Input records:
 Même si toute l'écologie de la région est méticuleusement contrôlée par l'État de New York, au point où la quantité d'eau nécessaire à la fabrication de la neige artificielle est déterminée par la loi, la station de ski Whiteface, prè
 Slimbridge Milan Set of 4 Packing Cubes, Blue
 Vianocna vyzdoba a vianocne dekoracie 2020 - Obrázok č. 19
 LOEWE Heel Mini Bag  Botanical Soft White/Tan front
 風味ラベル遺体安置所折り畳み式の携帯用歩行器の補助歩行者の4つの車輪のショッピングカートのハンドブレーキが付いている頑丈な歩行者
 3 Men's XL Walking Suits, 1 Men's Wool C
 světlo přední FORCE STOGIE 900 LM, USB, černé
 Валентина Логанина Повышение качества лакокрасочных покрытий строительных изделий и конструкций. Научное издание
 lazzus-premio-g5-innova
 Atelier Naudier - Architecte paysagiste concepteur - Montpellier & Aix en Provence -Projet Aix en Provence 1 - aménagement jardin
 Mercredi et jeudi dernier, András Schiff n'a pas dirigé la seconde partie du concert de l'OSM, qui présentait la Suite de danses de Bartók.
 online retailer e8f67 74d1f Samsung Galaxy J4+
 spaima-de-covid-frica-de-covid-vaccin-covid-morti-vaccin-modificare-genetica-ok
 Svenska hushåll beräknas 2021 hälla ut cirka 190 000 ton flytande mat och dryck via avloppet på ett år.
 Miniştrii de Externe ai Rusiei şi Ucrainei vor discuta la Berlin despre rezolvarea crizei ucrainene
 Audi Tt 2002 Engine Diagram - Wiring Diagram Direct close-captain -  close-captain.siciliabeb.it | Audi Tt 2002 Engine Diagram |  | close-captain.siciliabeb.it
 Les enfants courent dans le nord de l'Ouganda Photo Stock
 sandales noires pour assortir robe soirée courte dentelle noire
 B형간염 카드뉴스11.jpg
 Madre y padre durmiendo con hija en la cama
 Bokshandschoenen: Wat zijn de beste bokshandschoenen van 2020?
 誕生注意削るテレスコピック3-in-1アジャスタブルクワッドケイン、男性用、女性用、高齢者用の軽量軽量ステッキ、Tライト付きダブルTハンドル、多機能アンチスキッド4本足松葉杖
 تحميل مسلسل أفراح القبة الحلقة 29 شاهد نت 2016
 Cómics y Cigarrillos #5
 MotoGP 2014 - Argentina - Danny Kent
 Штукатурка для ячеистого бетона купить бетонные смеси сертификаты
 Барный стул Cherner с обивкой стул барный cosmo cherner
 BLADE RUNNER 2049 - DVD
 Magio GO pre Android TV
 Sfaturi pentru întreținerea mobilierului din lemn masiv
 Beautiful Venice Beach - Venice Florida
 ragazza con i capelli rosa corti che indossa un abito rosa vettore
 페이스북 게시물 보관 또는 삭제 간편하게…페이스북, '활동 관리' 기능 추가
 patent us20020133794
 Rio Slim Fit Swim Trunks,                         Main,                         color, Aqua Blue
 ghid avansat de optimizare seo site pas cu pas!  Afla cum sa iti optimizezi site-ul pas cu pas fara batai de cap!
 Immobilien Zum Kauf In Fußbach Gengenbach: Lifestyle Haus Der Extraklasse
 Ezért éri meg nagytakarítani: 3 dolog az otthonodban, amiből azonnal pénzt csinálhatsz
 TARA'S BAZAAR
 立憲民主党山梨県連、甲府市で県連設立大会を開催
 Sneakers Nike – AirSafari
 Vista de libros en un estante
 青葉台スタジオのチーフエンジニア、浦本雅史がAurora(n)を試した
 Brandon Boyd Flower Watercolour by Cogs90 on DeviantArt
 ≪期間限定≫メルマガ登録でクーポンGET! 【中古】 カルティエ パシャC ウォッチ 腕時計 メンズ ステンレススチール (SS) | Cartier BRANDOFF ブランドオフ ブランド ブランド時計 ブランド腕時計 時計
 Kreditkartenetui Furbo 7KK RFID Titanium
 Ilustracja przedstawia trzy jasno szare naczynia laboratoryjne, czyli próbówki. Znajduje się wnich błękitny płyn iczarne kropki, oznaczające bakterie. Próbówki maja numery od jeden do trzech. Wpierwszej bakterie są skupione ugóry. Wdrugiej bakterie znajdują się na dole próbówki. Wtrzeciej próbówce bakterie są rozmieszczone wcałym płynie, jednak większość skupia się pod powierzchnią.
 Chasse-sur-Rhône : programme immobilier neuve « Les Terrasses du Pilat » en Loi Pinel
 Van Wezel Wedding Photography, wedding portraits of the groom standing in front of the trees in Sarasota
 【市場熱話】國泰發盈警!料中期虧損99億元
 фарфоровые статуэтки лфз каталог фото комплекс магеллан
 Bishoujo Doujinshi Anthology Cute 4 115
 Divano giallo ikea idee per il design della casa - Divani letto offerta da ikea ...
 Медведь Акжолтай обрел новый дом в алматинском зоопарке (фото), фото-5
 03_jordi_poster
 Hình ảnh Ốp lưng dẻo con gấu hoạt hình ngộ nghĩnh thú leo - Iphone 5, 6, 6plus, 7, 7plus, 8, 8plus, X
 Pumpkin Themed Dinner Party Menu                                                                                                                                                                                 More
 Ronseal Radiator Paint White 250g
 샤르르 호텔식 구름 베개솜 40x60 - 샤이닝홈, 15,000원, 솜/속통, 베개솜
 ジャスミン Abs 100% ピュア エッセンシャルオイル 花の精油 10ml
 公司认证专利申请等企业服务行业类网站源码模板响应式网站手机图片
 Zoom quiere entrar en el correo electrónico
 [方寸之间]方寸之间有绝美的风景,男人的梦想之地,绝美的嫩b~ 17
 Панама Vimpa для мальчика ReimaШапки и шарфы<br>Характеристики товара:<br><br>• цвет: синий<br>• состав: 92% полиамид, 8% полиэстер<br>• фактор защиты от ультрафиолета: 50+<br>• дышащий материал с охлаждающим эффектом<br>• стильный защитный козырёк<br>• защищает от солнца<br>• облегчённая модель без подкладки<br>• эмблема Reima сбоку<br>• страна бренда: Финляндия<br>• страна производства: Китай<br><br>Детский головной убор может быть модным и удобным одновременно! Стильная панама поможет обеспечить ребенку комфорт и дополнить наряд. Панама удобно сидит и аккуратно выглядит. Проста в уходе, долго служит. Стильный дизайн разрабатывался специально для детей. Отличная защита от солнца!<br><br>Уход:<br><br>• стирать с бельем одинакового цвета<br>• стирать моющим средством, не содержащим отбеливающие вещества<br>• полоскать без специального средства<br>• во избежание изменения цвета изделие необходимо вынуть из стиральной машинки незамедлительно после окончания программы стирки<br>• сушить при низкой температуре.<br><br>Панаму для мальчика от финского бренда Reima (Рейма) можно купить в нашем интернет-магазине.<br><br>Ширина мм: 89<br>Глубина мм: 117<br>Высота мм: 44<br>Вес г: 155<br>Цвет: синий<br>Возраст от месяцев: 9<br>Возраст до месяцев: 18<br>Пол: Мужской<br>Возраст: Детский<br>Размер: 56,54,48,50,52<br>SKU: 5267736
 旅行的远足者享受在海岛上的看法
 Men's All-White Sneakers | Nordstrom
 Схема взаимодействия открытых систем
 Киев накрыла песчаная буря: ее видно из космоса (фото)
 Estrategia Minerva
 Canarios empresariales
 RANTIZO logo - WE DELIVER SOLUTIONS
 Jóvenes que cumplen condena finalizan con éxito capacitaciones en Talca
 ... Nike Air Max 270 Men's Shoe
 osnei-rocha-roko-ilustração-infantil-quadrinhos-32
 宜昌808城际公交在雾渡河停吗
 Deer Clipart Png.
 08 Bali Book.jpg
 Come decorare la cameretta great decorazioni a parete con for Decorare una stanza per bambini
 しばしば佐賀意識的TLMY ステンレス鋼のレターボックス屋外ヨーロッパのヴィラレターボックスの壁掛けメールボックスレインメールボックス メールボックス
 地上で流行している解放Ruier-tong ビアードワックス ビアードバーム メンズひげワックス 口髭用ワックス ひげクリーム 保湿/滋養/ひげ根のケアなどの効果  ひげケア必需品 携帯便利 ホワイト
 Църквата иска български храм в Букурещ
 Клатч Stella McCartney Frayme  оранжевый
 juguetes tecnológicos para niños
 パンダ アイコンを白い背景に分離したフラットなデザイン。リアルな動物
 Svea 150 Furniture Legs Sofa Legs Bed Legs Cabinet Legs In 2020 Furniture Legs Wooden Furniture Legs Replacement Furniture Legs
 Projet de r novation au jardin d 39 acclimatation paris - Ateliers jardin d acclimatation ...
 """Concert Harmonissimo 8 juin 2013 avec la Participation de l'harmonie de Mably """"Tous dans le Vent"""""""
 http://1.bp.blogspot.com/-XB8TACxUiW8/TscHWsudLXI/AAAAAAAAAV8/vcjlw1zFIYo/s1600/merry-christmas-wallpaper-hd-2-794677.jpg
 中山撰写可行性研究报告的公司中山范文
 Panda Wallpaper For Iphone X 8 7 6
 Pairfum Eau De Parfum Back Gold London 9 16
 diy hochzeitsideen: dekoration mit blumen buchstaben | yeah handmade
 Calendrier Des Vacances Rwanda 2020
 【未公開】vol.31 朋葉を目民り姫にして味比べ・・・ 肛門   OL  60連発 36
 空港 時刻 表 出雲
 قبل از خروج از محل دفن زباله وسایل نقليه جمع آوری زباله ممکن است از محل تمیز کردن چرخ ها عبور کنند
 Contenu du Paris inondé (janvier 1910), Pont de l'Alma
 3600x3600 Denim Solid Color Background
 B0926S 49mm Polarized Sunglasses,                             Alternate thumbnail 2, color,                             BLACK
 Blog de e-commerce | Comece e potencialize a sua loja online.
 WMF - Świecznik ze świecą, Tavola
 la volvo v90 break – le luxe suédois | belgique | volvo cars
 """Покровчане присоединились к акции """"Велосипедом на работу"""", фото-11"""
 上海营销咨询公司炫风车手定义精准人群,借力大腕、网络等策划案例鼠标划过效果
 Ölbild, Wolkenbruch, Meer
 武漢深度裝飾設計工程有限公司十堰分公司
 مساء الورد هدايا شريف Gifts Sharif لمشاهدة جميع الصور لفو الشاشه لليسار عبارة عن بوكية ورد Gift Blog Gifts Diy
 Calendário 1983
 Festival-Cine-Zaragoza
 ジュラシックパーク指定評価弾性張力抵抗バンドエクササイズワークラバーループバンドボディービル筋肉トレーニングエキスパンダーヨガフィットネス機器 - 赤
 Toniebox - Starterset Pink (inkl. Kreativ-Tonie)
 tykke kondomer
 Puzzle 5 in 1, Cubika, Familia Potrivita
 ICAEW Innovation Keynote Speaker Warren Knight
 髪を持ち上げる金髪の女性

Exercise prompt: Lines with "Blue": find them in the data and copy each one.

Task result:
 Slimbridge Milan Set of 4 Packing Cubes, Blue
 Rio Slim Fit Swim Trunks,                         Main,                         color, Aqua Blue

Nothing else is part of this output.